Another reason for deadlock in database can be missing indexes. When a row is inserted/update/delete, the database needs to check the relational constraints, that is, make sure the relations are consistent. To do so, the database needs to check the foreign keys in the related tables. It might result in other lock being acquired than the row that is modified. Be sure then to always have index on the foreign keys (and of course primary keys), otherwise it could result in a table lock instead of a row lock. If table lock happen, the lock contention is higher and the likelihood of deadlock increases.
In case someone is still struggling with this issue:
I faced similar issue where 2 requests were hitting the server at the same time. There was no situation like below:
T1:
BEGIN TRANSACTION
INSERT TABLE A
INSERT TABLE B
END TRANSACTION
T2:
BEGIN TRANSACTION
INSERT TABLE B
INSERT TABLE A
END TRANSACTION
So, I was puzzled why deadlock is happening.
Then I found that there was parent child relation ship between 2 tables because of foreign key. When I was inserting a record in child table, the transaction was acquiring a lock on parent table's row. Immediately after that I was trying to update the parent row which was triggering elevation of lock to EXCLUSIVE one. As 2nd concurrent transaction was already holding a SHARED lock, it was causing deadlock.
Refer to: https://blog.tekenlight.com/2019/02/21/database-deadlock-mysql.html
It is likely that the delete statement will affect a large fraction of the total rows in the table. Eventually this might lead to a table lock being acquired when deleting. Holding on to a lock (in this case row- or page locks) and acquiring more locks is always a deadlock risk. However I can't explain why the insert statement leads to a lock escalation - it might have to do with page splitting/adding, but someone knowing MySQL better will have to fill in there.

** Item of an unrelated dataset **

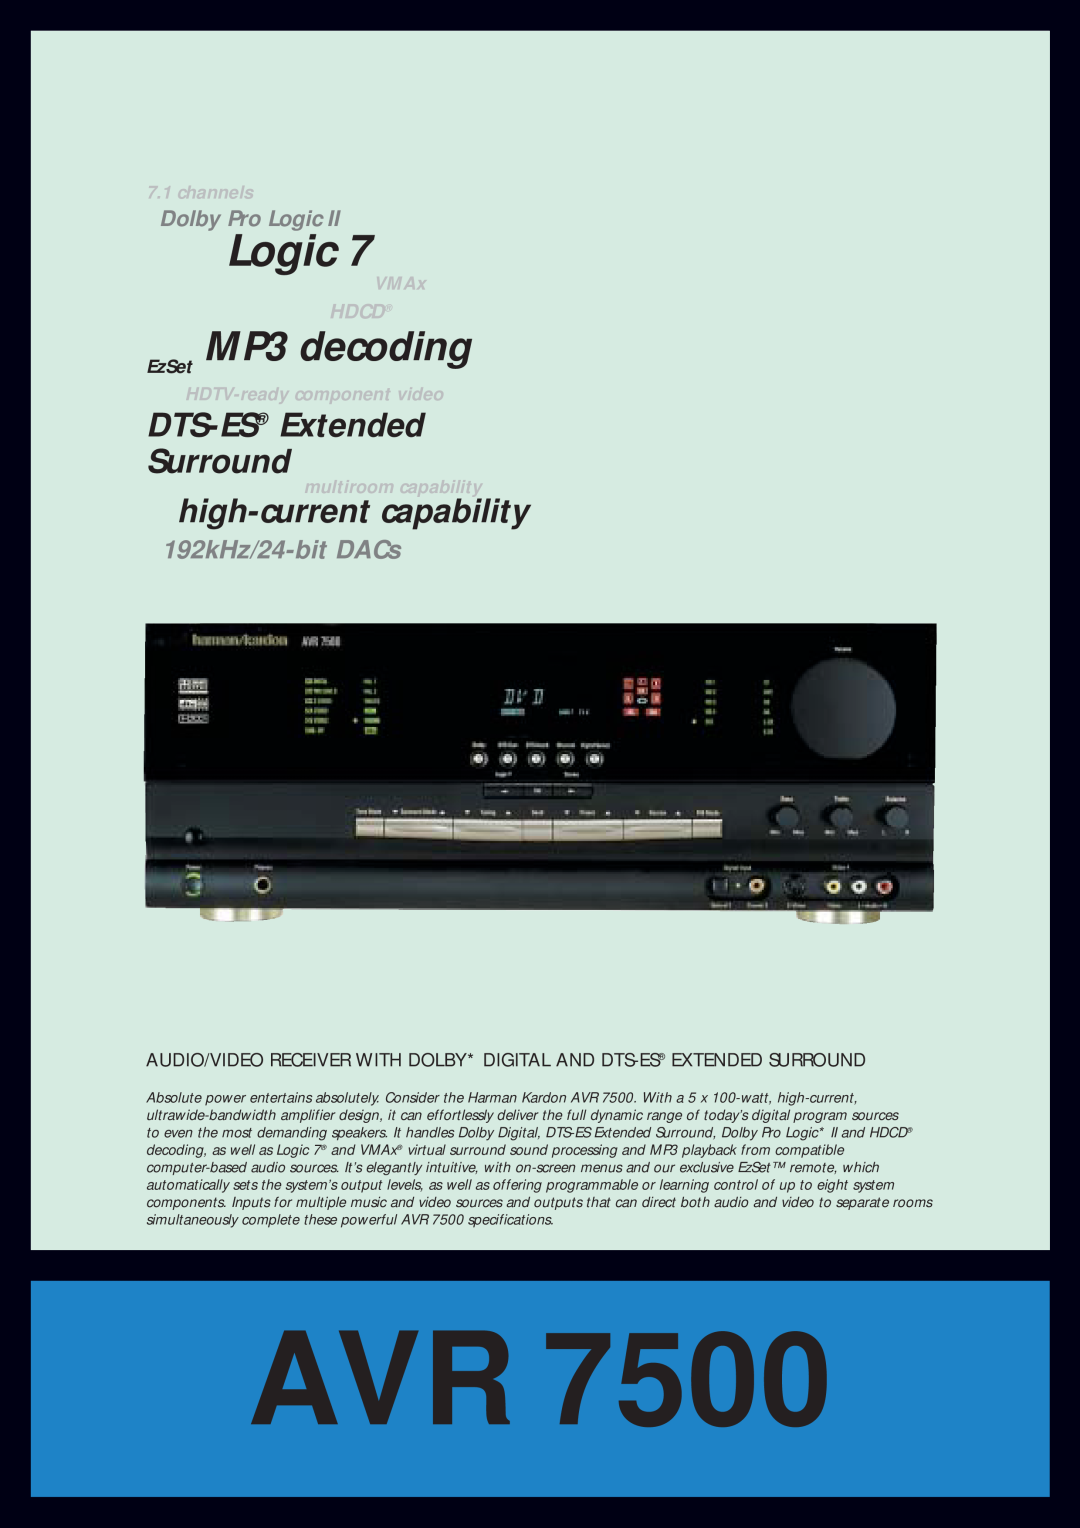 Dolby Laboratories AVR 7500 specifications Logic, MP3 decoding, DTS-ES Extended Surround, high-currentcapability, Hdcd

For a start it can be worth trying to explicitly acquire a table lock right away for the delete statement. See LOCK TABLES and Table locking issues.

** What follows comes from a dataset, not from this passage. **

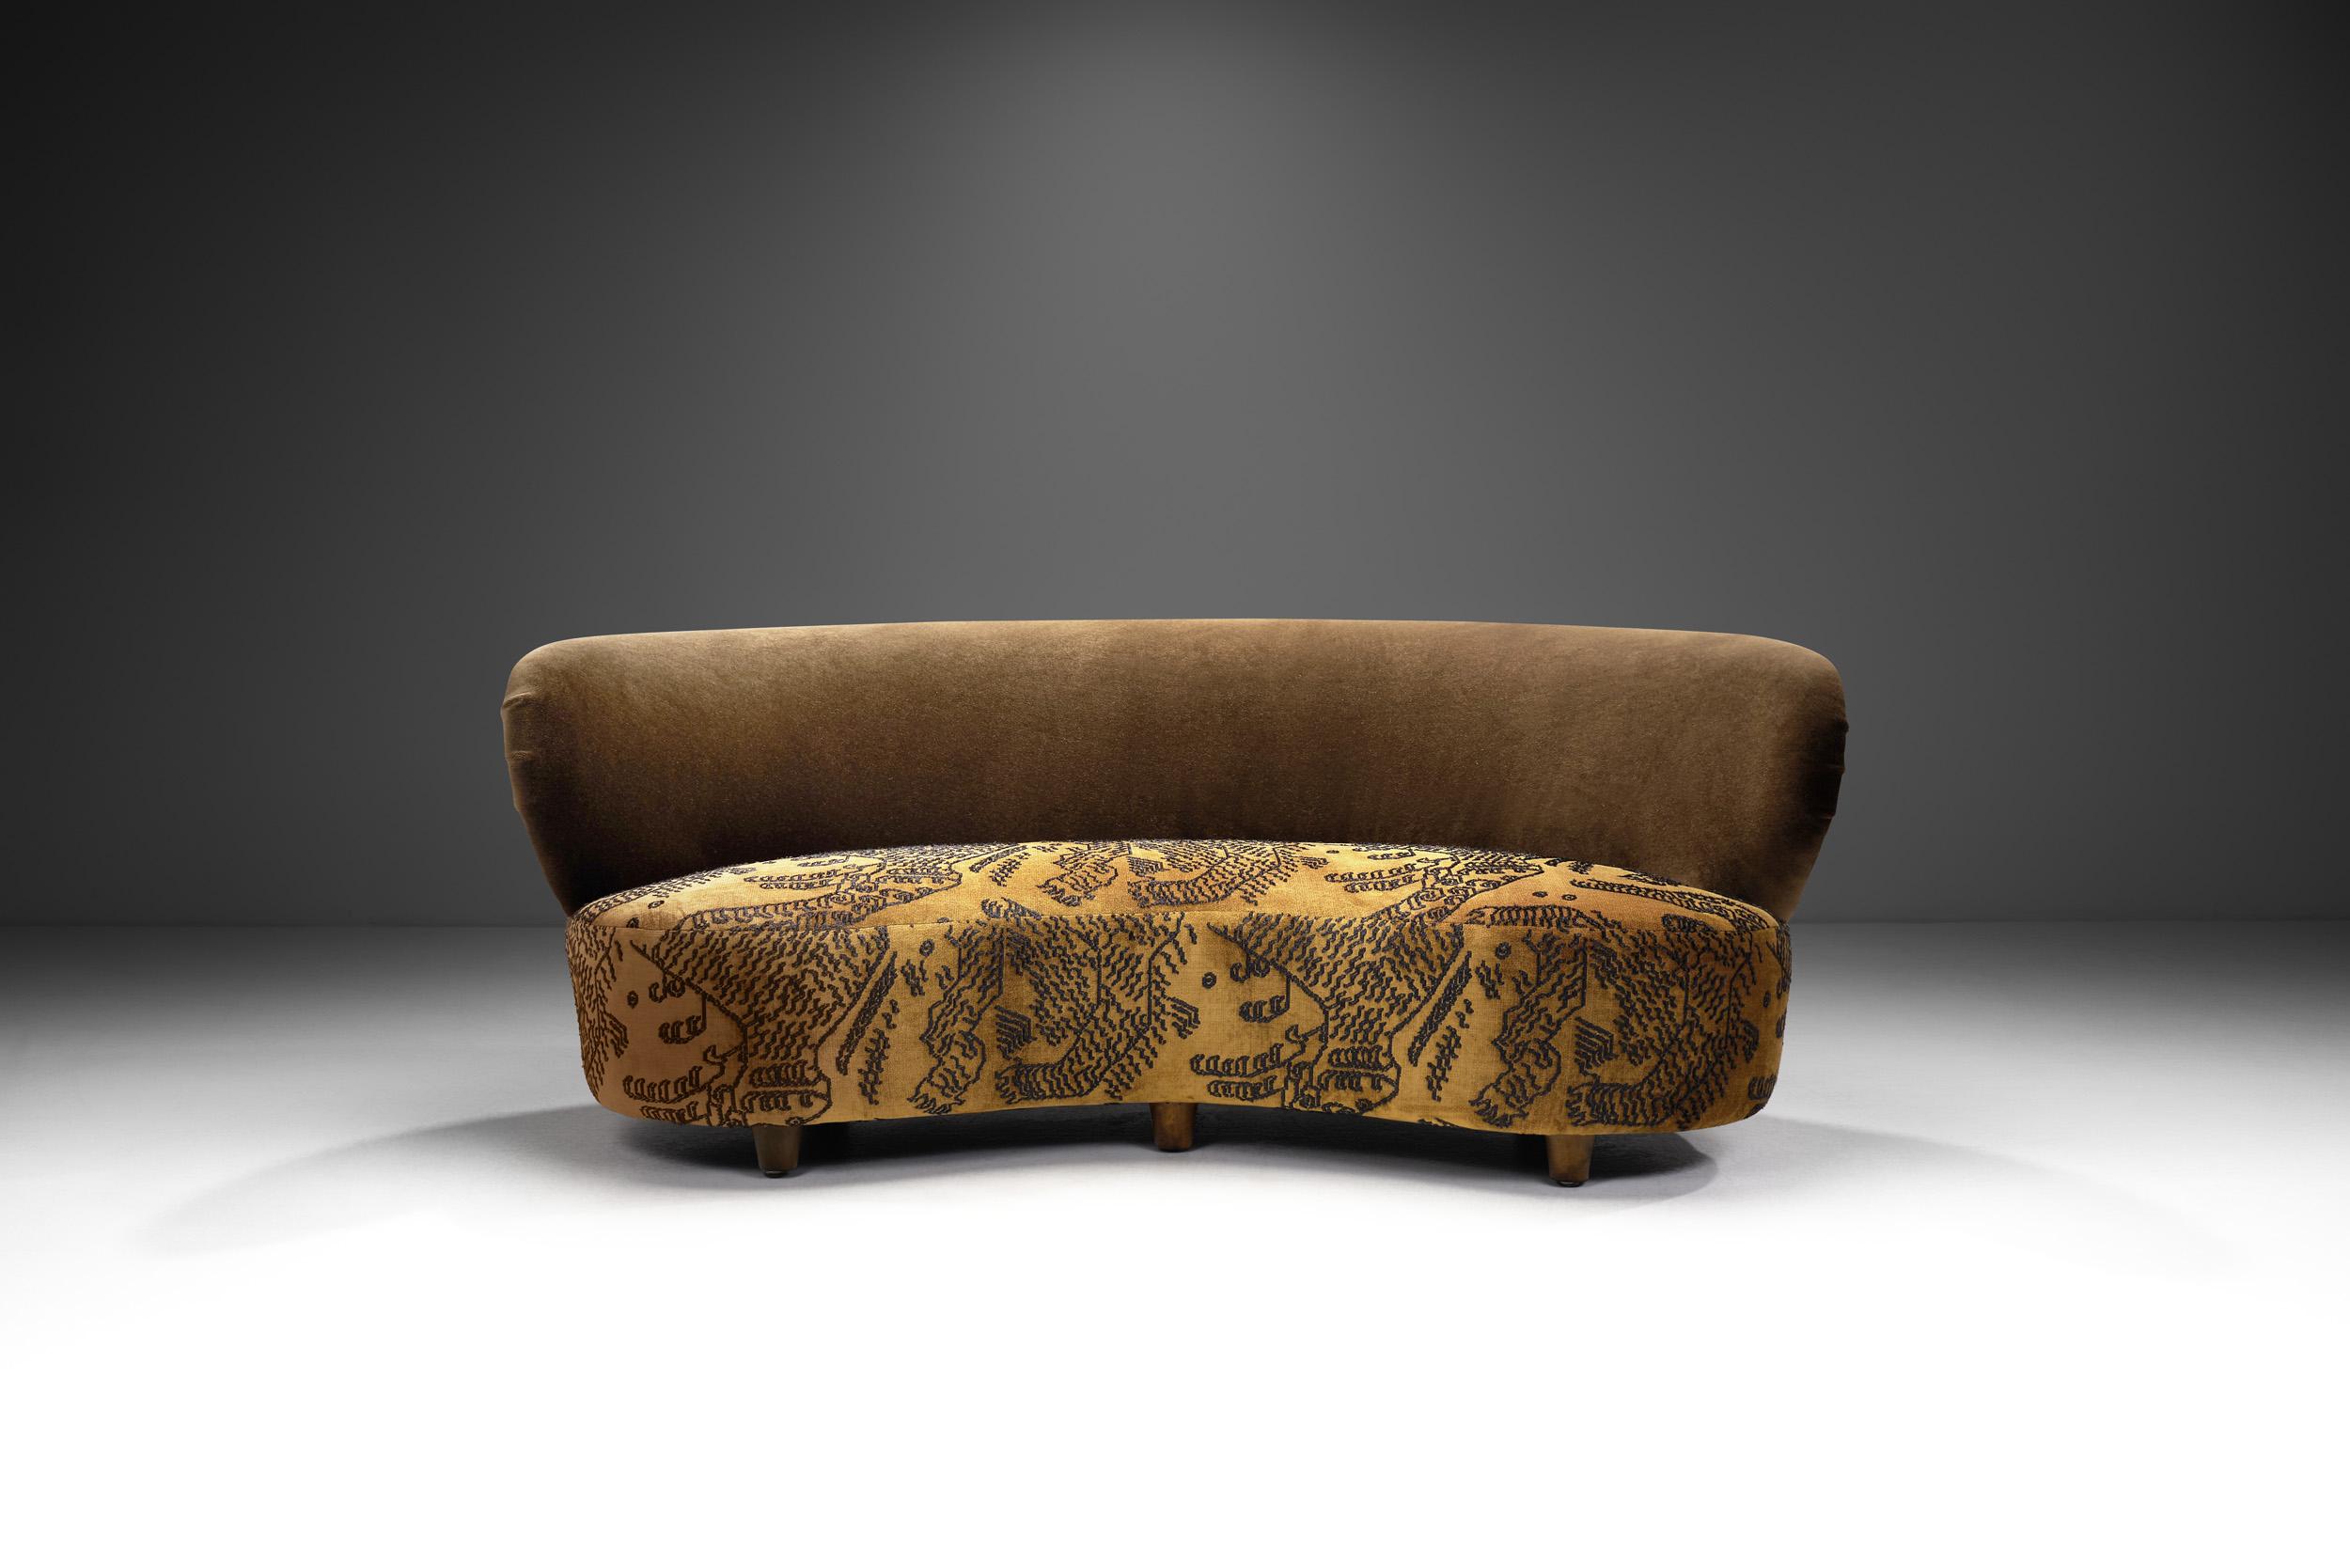 Art Deco Mid-Century Modern Three-Seater Sofa in a Patterned Fabric, Scandinavia 1950s For Sale

You might try having that delete job operate by first inserting the key of each row to be deleted into a temp table like this pseudocode
create temporary table deletetemp (userid int);
insert into deletetemp (userid)
select userid from onlineusers where datetime <= now - interval 900 second;
delete from onlineusers where userid in (select userid from deletetemp);
Breaking it up like this is less efficient but it avoids the need to hold a key-range lock during the delete.
Also, modify your select queries to add a where clause excluding rows older than 900 seconds. This avoids the dependency on the cron job and allows you to reschedule it to run less often.

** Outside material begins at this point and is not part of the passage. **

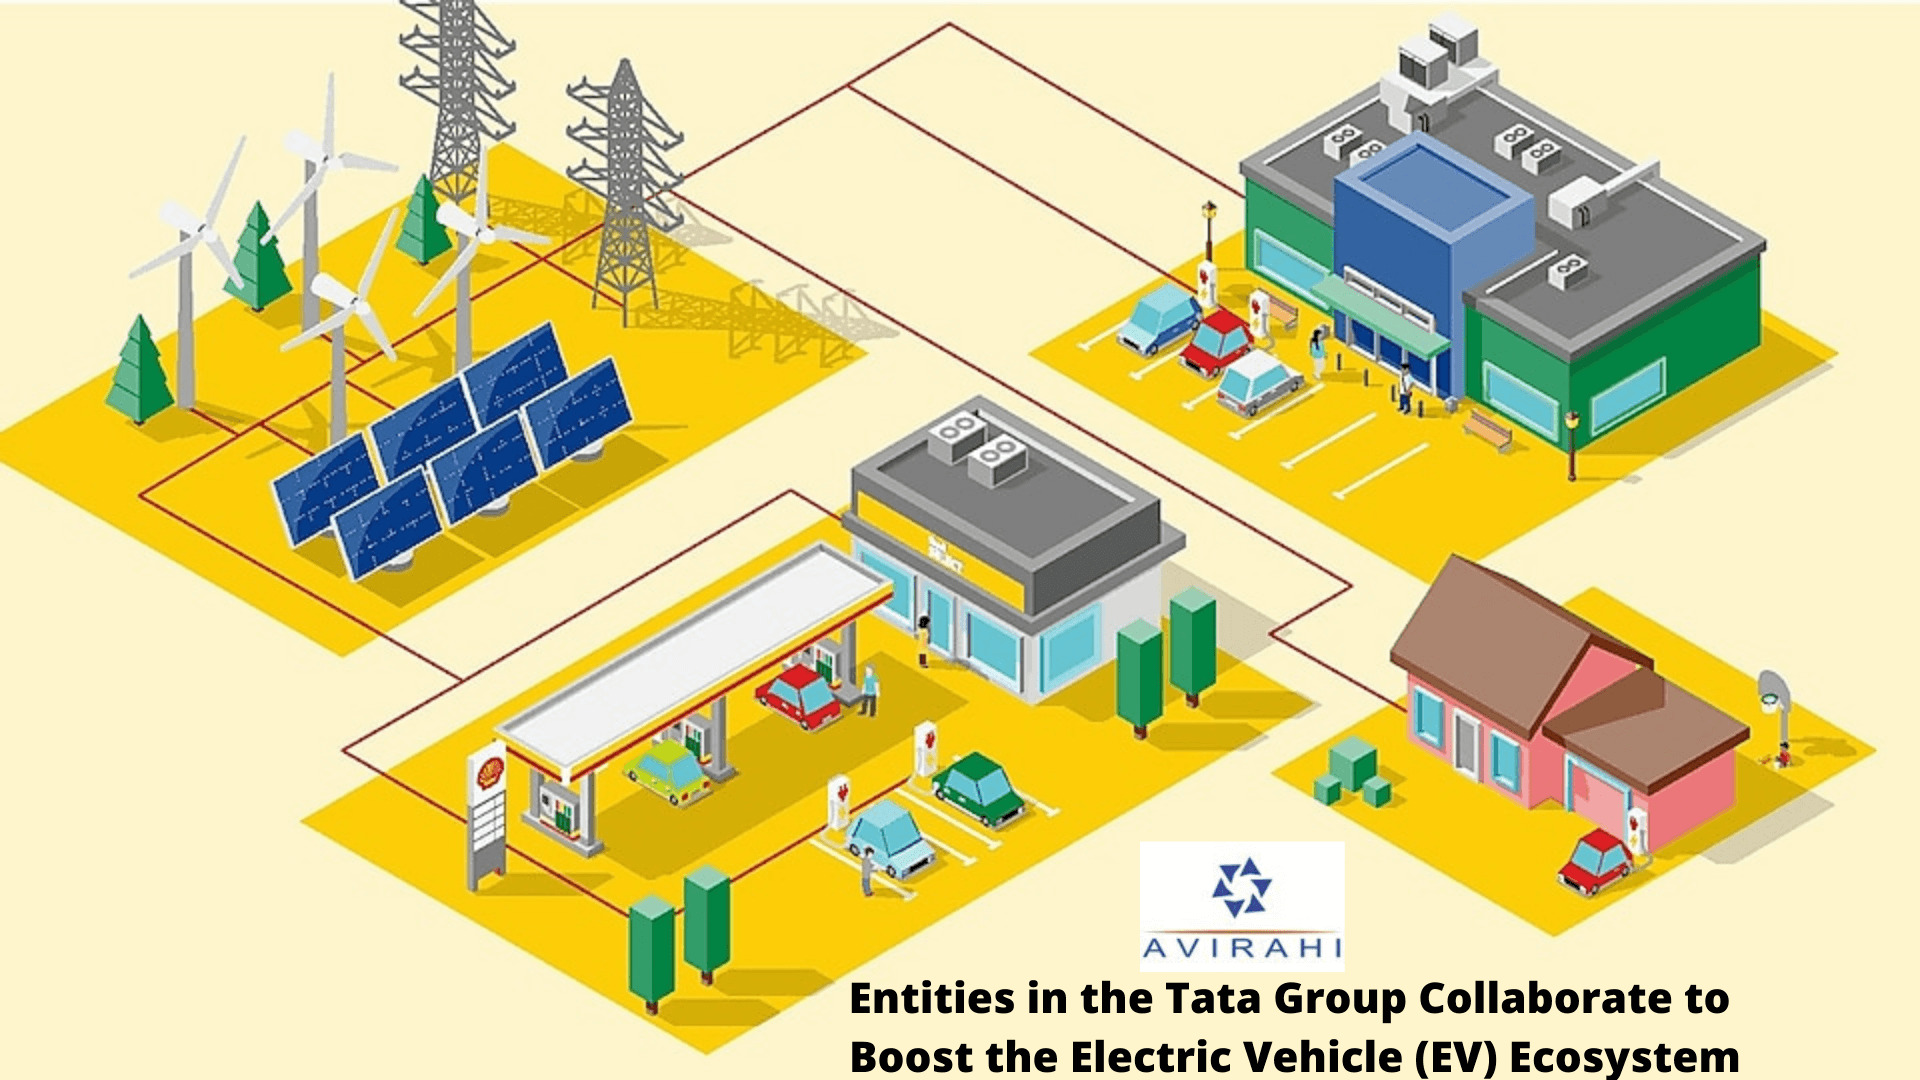 Entities in the Tata Group Collaborate to Boost the Electric Vehicle

Theory about the deadlocks: I don't have a lot of background in MySQL but here goes... The delete is going to hold a key-range lock for datetime, to prevent rows matching its where clause from being added in the middle of the transaction, and as it finds rows to delete it will attempt to acquire a lock on each page it is modifying. The insert is going to acquire a lock on the page it is inserting into, and then attempt to acquire the key lock. Normally the insert will wait patiently for that key lock to open up but this will deadlock if the delete tries to lock the same page the insert is using because thedelete needs that page lock and the insert needs that key lock. This doesn't seem right for inserts though, the delete and insert are using datetime ranges that don't overlap so maybe something else is going on.
http://dev.mysql.com/doc/refman/5.1/en/innodb-next-key-locking.html
For Java programmers using Spring, I've avoided this problem using an AOP aspect that automatically retries transactions that run into transient deadlocks.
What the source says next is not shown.